Unsurprisingly, the old interjection of "bravo/brava" derives from the word "brave"... So: Bravo, Jeff. Brava, Stephanie. - Joe M.
How does one express something so rarely found? How do you explain something others cannot know, or have never known? How do you describe the force, the energy, the existence of something so many wish for, but barely understand...
Your words are like the hammer that swings, but when they register, is the clash of the hammer striking an anvil! It hits home, and makes itself known... Time and again, blow after blow! A sharp and sudden announcement, a beacon, calling attention... Something that cannot be ignored.
You two, Jeff and Stephanie, have the purest of what all would hope to experience, of even for a moment. We as a species are unique in how we can love, how we share, express and display our love for one another. We laugh, we cry, we blush... So many expressions. But true love, that in which the entire body, brain, and all that we are... Surrender's to someone... Is what you and Jeff will always have.
I am forever humbled by your sharing a small window into your world. And I'm the better for it. I can't express the appreciation any more than letting you know the tears falling from my eyes as I read your post once again, and write this small thanks, in the hope you understand how precious it is, what you've done. Not just for Jeff, but everyone else who has been touched by his and your story! History has passed down some stories of love, stories similar, but they all have nothing on the two of you, and pale in your shadow. Love may even be too cheap a word, to bestow upon what you two will always share! Truly...

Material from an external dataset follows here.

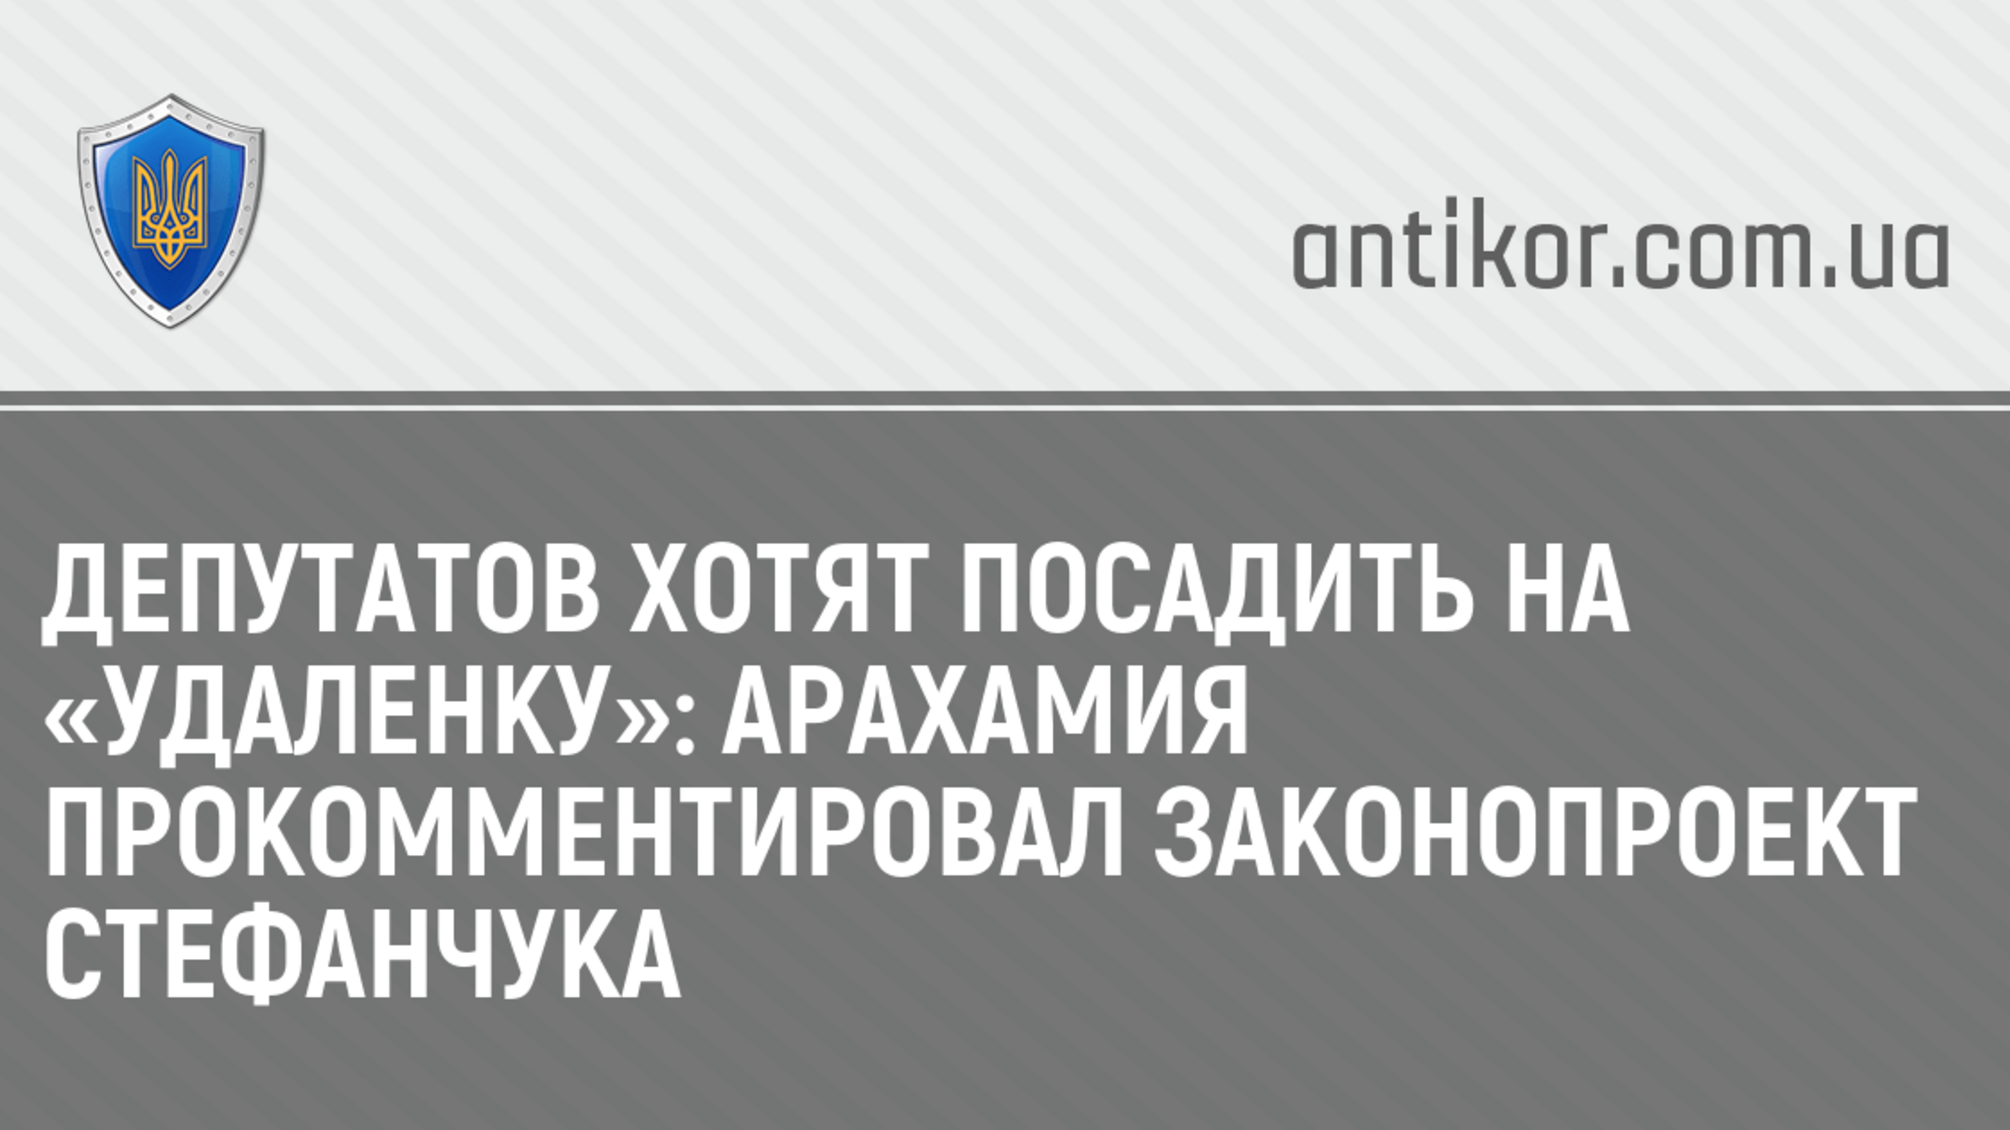 Депутатов хотят посадить на «удаленку»: Арахамия прокомментировал законопроект Стефанчука

May God bless Jeff and you as well Stephanie, it's a wish, but apparently something that has already happened!
“His Love, Stephanie Williams”. Perfection❤️Our best to you and your extended Familia.
Now go live your life. It has been on hold these past 18 months. Everyone knows you did everything you could. Most importantly show Jeff and your children Love and support. So genuine.
It is unfortunate that the term "soulmate" registers as an idealized romantic notion of young love and not as the solid reality of a relationship strengthened by suffering, deepened by soulfulness, defined by a shared understanding of forever, and uniquely branded on two hearts that share the bond. There is no real description for it in this world of flesh and blood, but it will endure as long as the stars shine in the universe. Your Jeff will always be there for you and even death cannot separate or define you.
Stephanie, you and your Jeff existed in your own self-described universe. I think you always will. You have every single bit of my respect and admiration. Blessings on your and your children.